The Effect of Shift Work on the Level of Self-Rated Health.
- Author:
Daehee NOH
1
;
Jong Ho WANG
;
Hyunrim CHOI
;
Sinye LIM
;
Keunwhoe KIM
;
Chang Won WON
;
Kyunghee JUNG-CHOI
Author Information
1. Department of Occupational and Environmental Medicine, College of Medicine, Kyung Hee University, Korea.

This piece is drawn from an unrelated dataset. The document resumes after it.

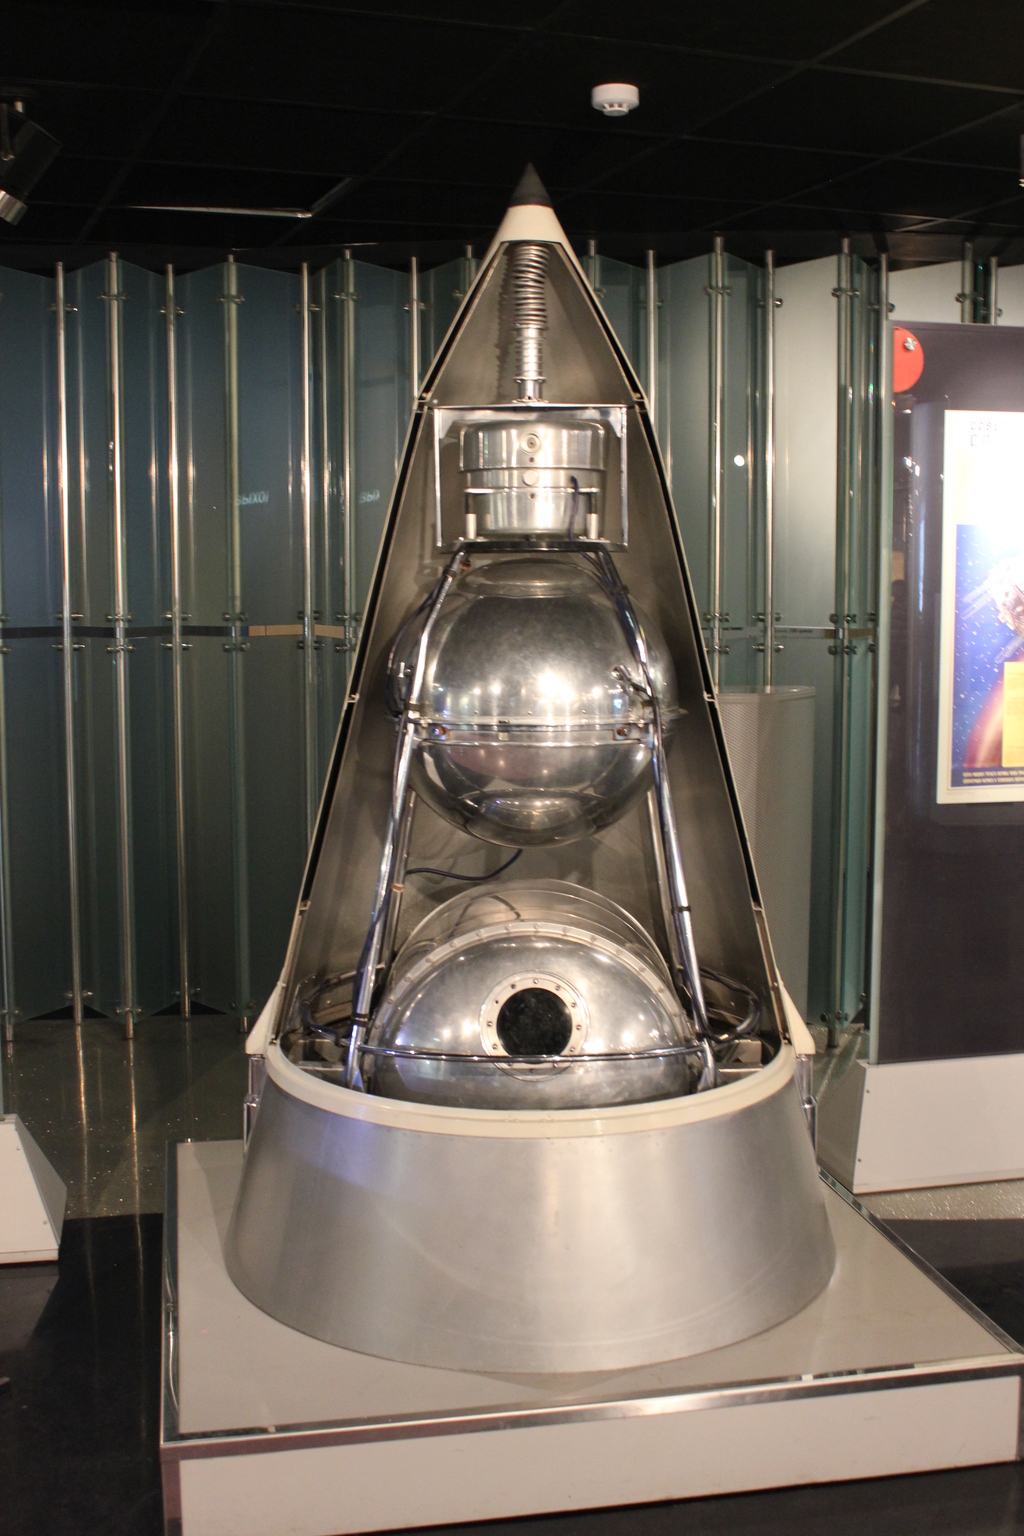 Sondes soviétiques Sputnik et Luna au 1/35e en résine. Montage GE3fKb-Sputnik-2-01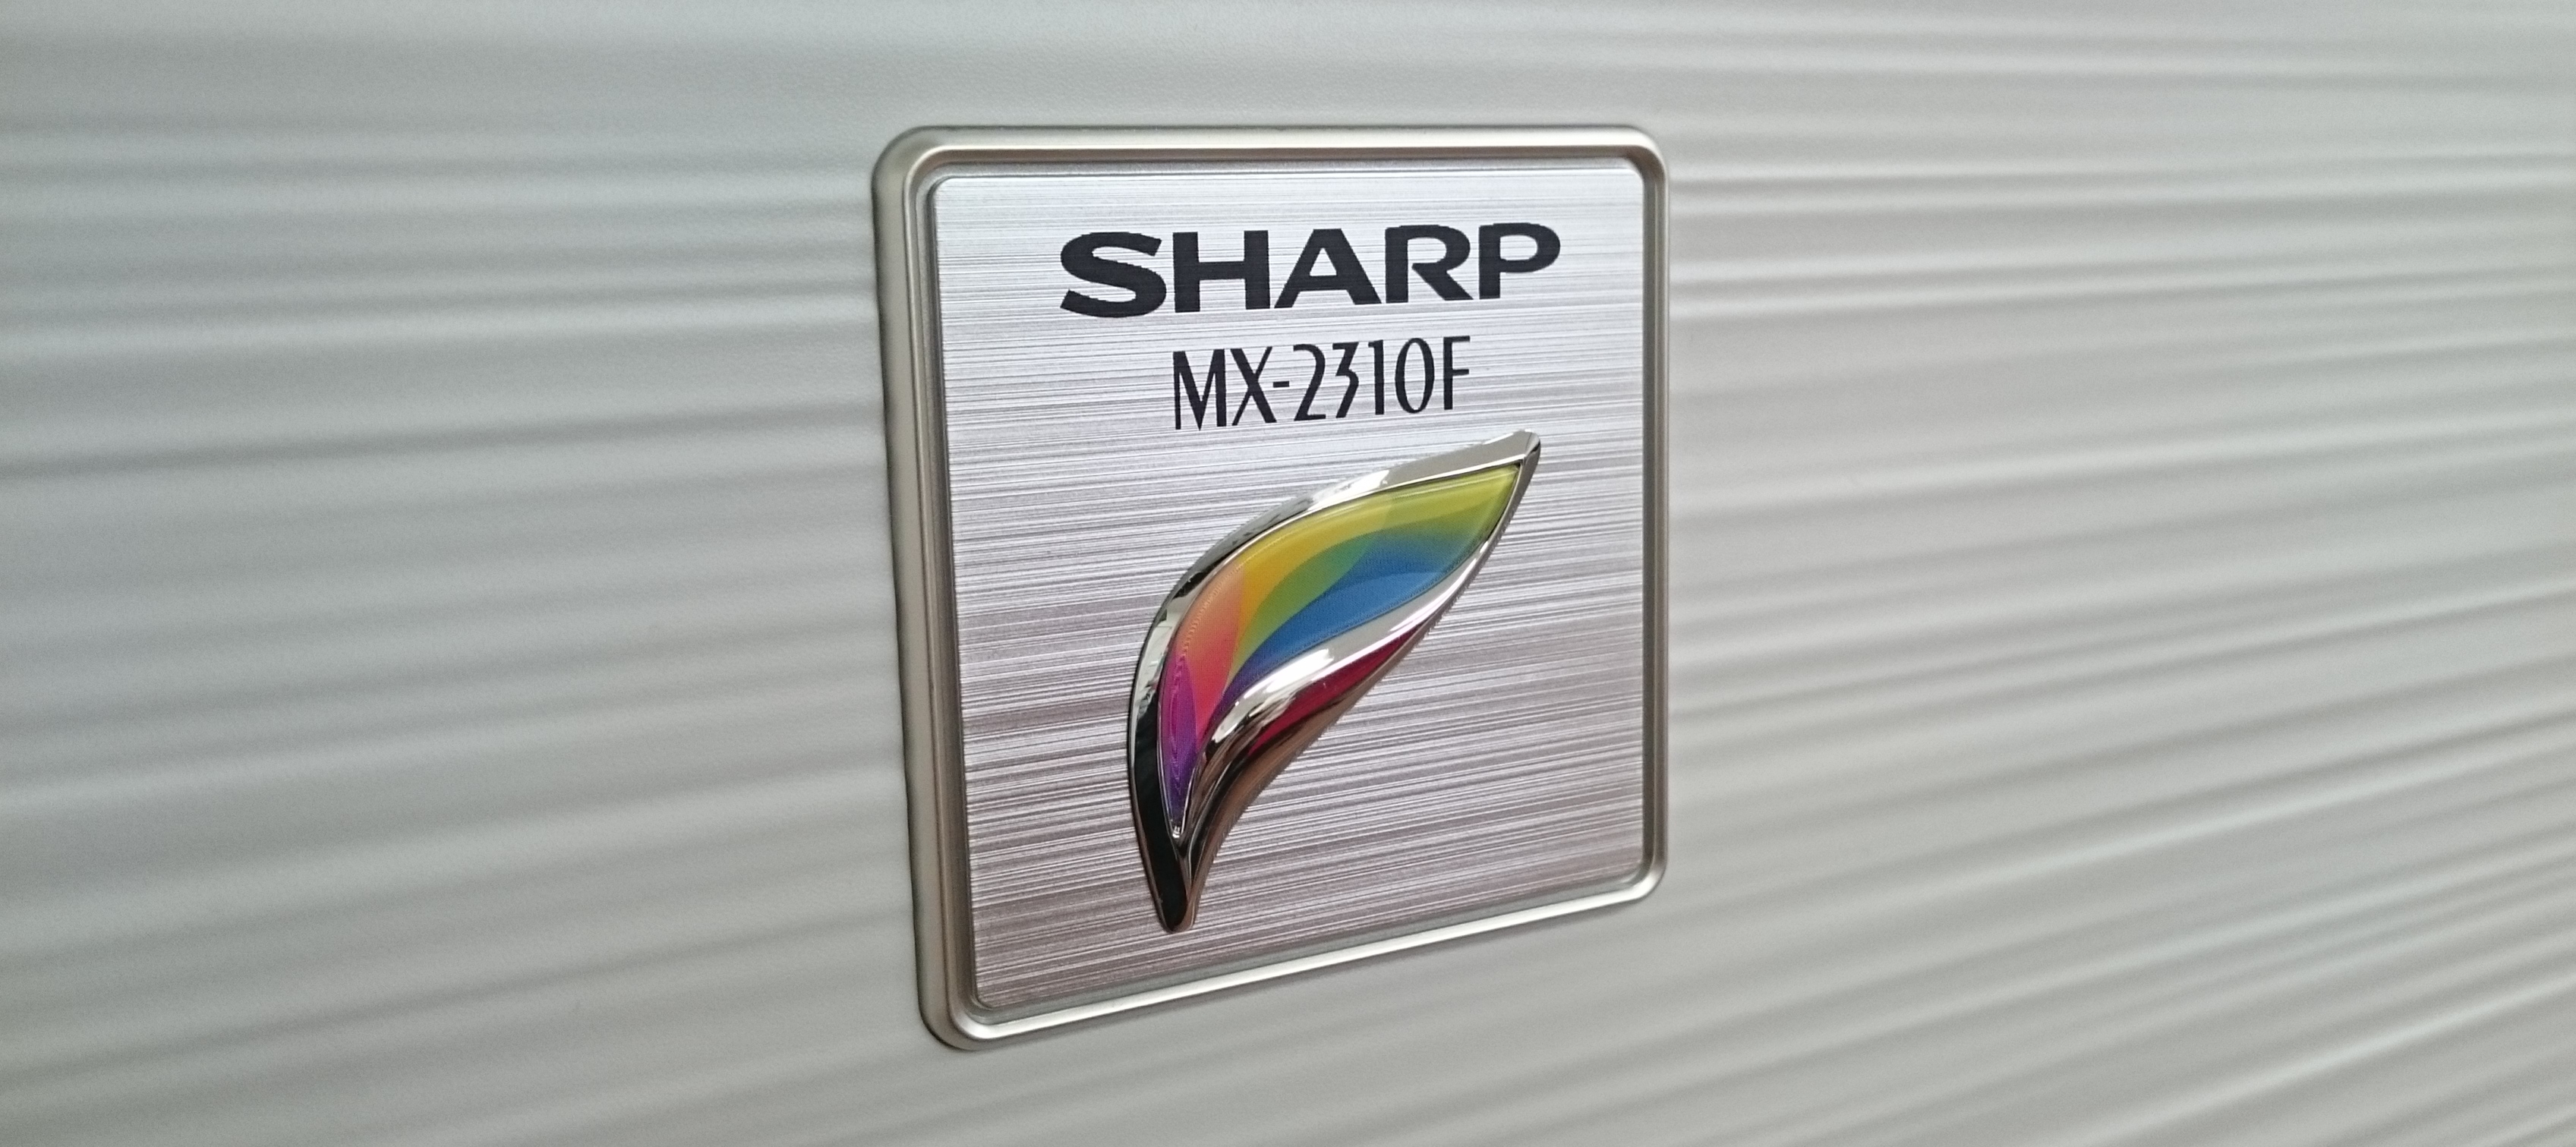 Windows10でSHARPの複合機MX-2310Fのスキャナ画像が保存できない

- Publication Type:Original Article
- Keywords:
Shift work;
Self-rated health
- MeSH:
Aged;
Bias (Epidemiology);
Family Characteristics;
Healthy Worker Effect;
Humans;
Korea;
Logistic Models;
Male
- From:Korean Journal of Occupational and Environmental Medicine
2010;22(3):200-209
- CountryRepublic of Korea
- Language:Korean
-
Abstract:
OBJECTIVES: The present study was designed to determine the characteristics of shift work and the relationship between shift work and the level of self-rated health using the Korean Labor and Income Panel Study (KLIPS) data, which represents urban households in Korea. METHODS: Using the 9th wave of KLIPS, this study analyzed 2,087 male workers aged 25 to 64 years; participants missing data were excluded from analysis. To determine the impact of shift work on the level of self-rated health, logistic regression analysis was applied that controlled for socio-demographic characteristics, labor environment, and health-related behaviors. RESULTS: Shift workers comprised 13.4% of study subjects overall. The majority(69.2%) of participants were in 2-teams and in 2-shifts. Week 1 shift cycle changes were the highest, 56.3%. The risk of poor self-rated health was not significantly higher among shift workers compared to non-shift workers (OR=1.08, 95% CI=0.79~1.48). When divided by tenure, shift workers with more than 10-years experience (OR=1.79, 95% CI=0.91~3.50) tended to show greater risk than non-shift workers at marginal significance. CONCLUSIONS: In the present study, a significantly higher risk of self-rated poor health among shift workers was not observed. However, shift workers with more than 10-years experience tended to show increased health risk compared to non-shift workers. Further studies are required to determine time-series data and to consider both healthy worker effect and information bias.